Posts Tagged Anne Tyler
Anne Tyler, Emily Neville, and the Change in the Publishing World
For Christmas this year I asked to have hardback replacements for some of the paperback books I love. I thought this would be a good present since it was something I wanted and it would allow my husband to search ebay and other places online. I received copies of Morgan’s Passing (1980) by Anne Tyler
and the 1964 Newberry Award winner, It’s Like This Cat by Emily Neville. Overall, I’m not a rereader, but with the passage of time and new copies in my hands, I decided to reread both.

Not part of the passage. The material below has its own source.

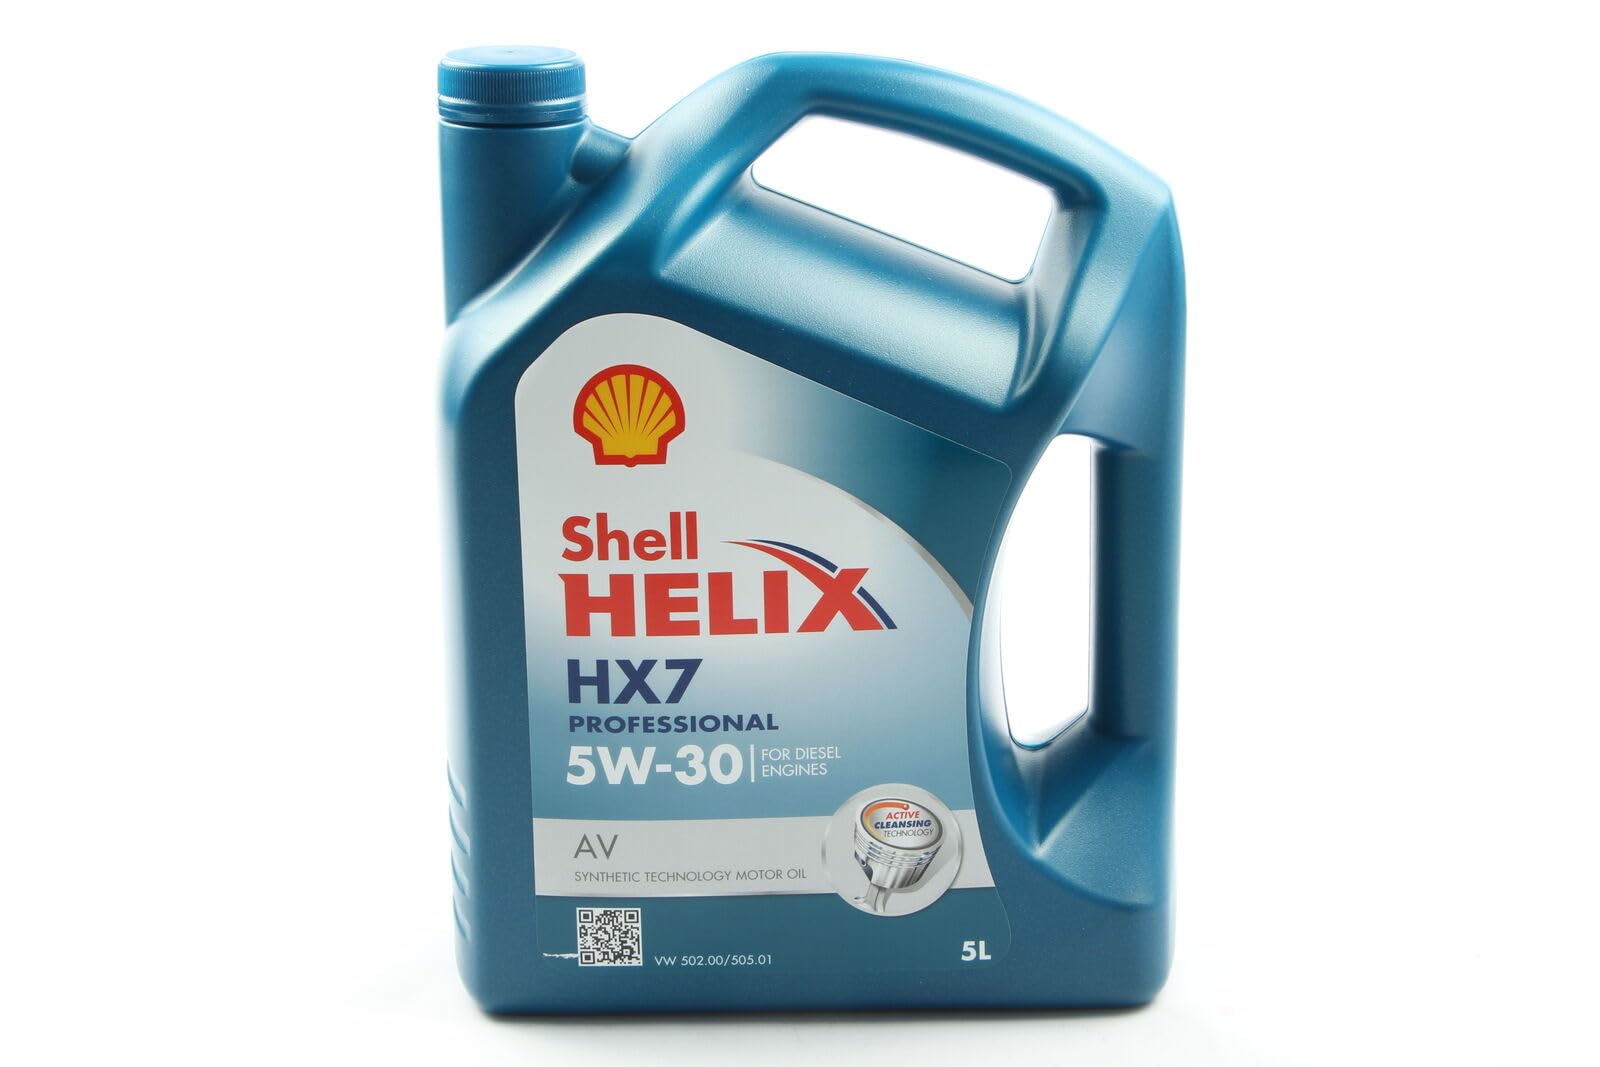 Shell Helix HX7 Professional AV 5W30 Motorenöl, 5L von Shell

I first read It’s Like This Cat in 5th or 6th grade. My recollection was that it was funny, touching, real, and I liked the love story. Rereading it fifty years after it was first published, I can see the points that I probably thought were humorous. The love story was very tame and hardly drove the story since it was mostly about a teenaged boy and his relationship to his father. He does change in the course of the book, but as literature for kids in past often did, it was more of a told than an shown change. Not exactly preachy, but probably not something that would be considered great literature these days. Since the language and situations are very sanitized, I’m wondering if kids in 2014 would enjoy this book? Although it is about a 14 or 15 year-old, it seems more like a story for a contemporary ten-year-old.
I must have read Morgan’s Passing sometime after it was first published as I discovered Anne Tyler while taking an Adolescent Literature class at Colorado State University. The main requirement of the class was to read so many pages of books for adolescents. I don’t remember what our page count was, but I know I read many books and someplace I have the index cards I made for the class with a summary of each book. This particular class helped me land a job working in the Children’s Department of our library, the place were the YA books were then shelved.
The book I read was A Slipping Down Life. Most of Anne Tyler’s books would not be classified as young adult, so the others I read were not for this class. I think I’ve read everything she’s written but one. The problem is, I don’t know for sure which one that is since a number of the earlier ones tend to blend together. My favorite of her oeuvre is A Patchwork Planet, one of her more recent. Reading Morgan’s Passing, a book I recalled as having a very quirky (even for Anne Tyler) character, I was struck by how much the world has changed. The character does things that I’m sure readers today think of as sexual assault and stalking, although most of Tyler’s writing is remarkably free of actual sex scenes.
The world of writing and publishing has changed as well. Anne Tyler had the privilege of being a writer who has done very little self-promotion. In this interview from April, 2012 in The Guardian, it states this is her first face-to-face interview in over 40 years! In doing some research on Emily Neville, it appears she did little self promotion, too, as she soon became a lawyer and died with little notice in 1997.
Although my writing has been likened to Anne Tyler’s—the characters, not the prose—I would wish my writing life could emulate hers as well. I’m sure I’m not the only writer who laments the need for self-promotion. A question might be, does this switch to the author having to self-promote change the face of “literature” as currently published? I’m sure many would respond that it is change in publishing world that is driving the necessity for writers to become promoters, but as agents look for a different type of writer to pitch to editors, does the style of book change? Or maybe the question is, who is driving the change to the more visible writer–someone tweeting away, blogging, doing interviews on the Today Show, online, at conferences, etc? Is it the reader or the industry? If the industry, does this do the reader a service, or are we now stuck with the equivalent of the movie industry with the constant blow them up special effects blockbuster?
To further color the analogy, are “mainstream”–as in non-strictly genre books, or those shelved in Fiction A–Z—the equivalent of independent movies with literary novels in the category of foreign films? And if so, do these have the attendant problems that are accompanying this burgeoning source of DVDs? (See “As Indies Explode, An Appeal for Sanity.”) Possibly the many DVDs are more akin to self-published books?
And writers, which type of author would you prefer to be?